Today we honor our Athlete of the Month, Coach Mary.  Mary always enjoyed when we programmed mini amraps.  Some of these movements are duplicates from earlier this week, but remember, we are constantly varied.  You never know when you may have to repeat a movement or two.  With this MetCon today come this message from Mary:

“The very first wod I did at alloy was a couplet with heavy DLs and box jumps.

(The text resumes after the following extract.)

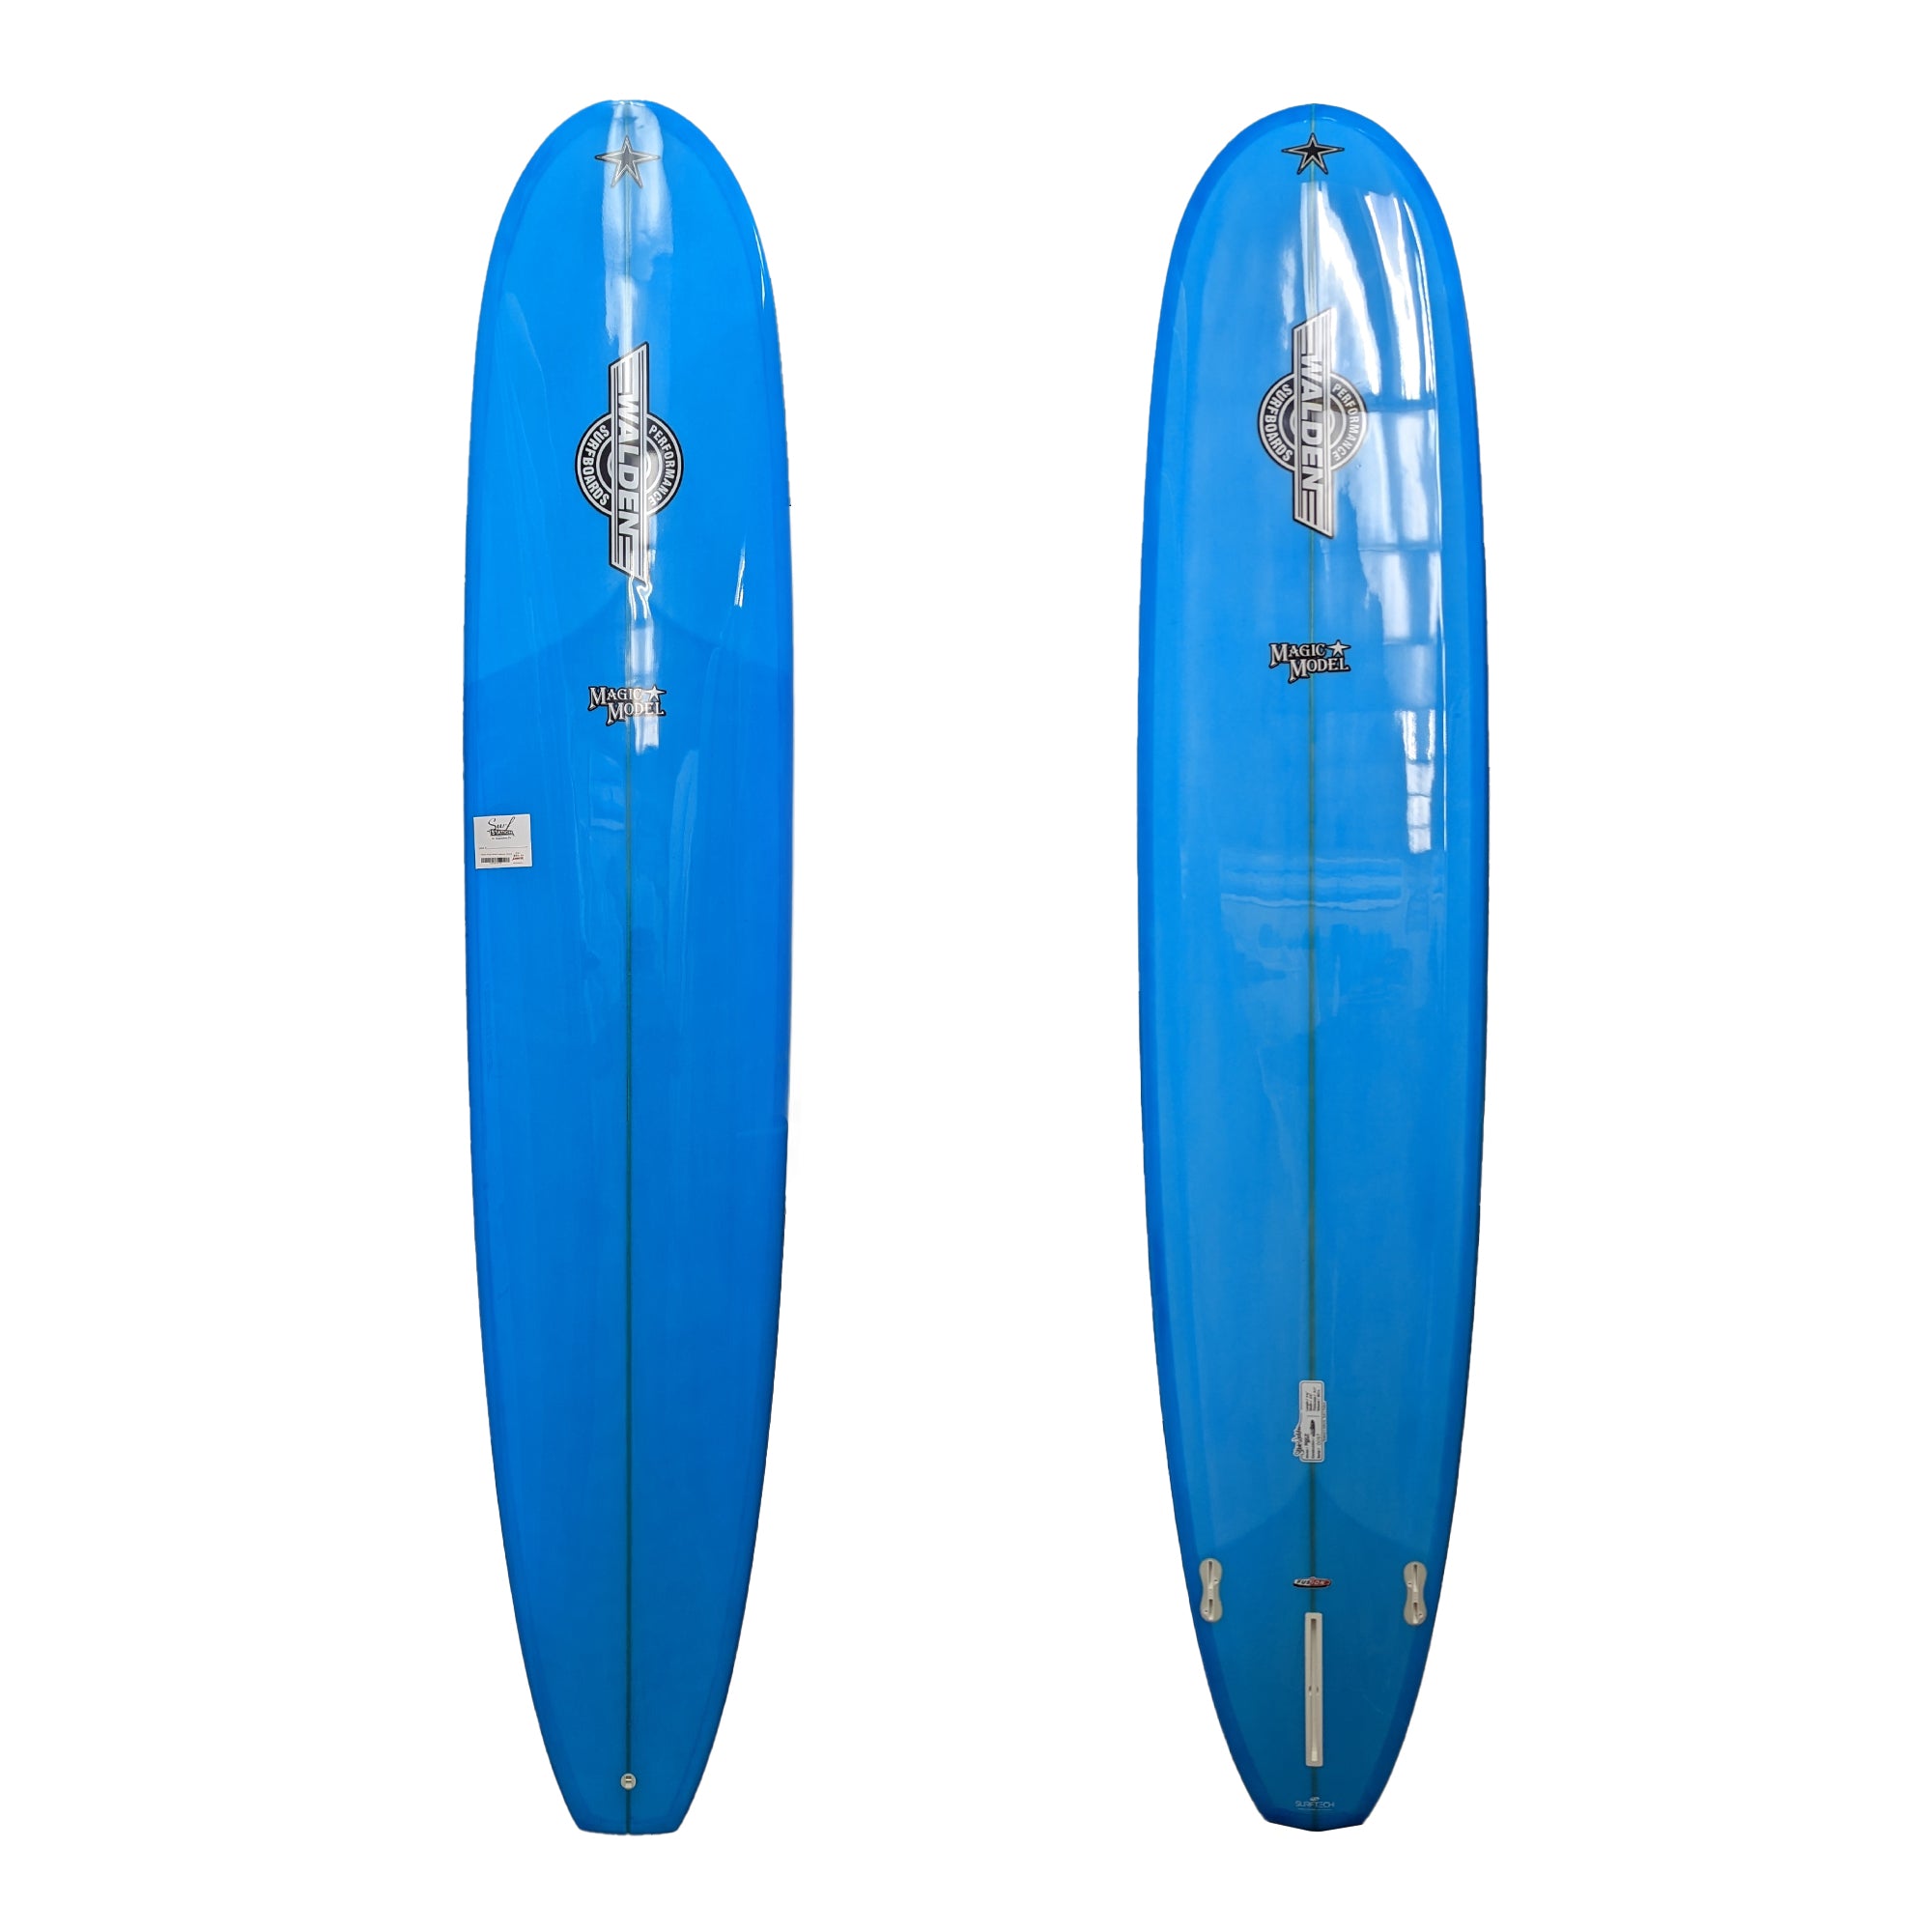 Walden Magic Model 9'6 Longboard Surfboard - FCS II

I remember who was here and exactly where I was in the gym. I have enjoyed every minute of coaching here. Unfortunately because of a back injury and surgery I struggled a bit as an athlete during the two years here but had so much support reminding me to stay strong and continue to push myself. Being able to coach others and watch their progress helped me stay focused and patient.”

I chose the movements because 2 were in the first workout I ever did here, 2 are my favorite, and 2 are movements I FINALLY got better at while at Alloy.”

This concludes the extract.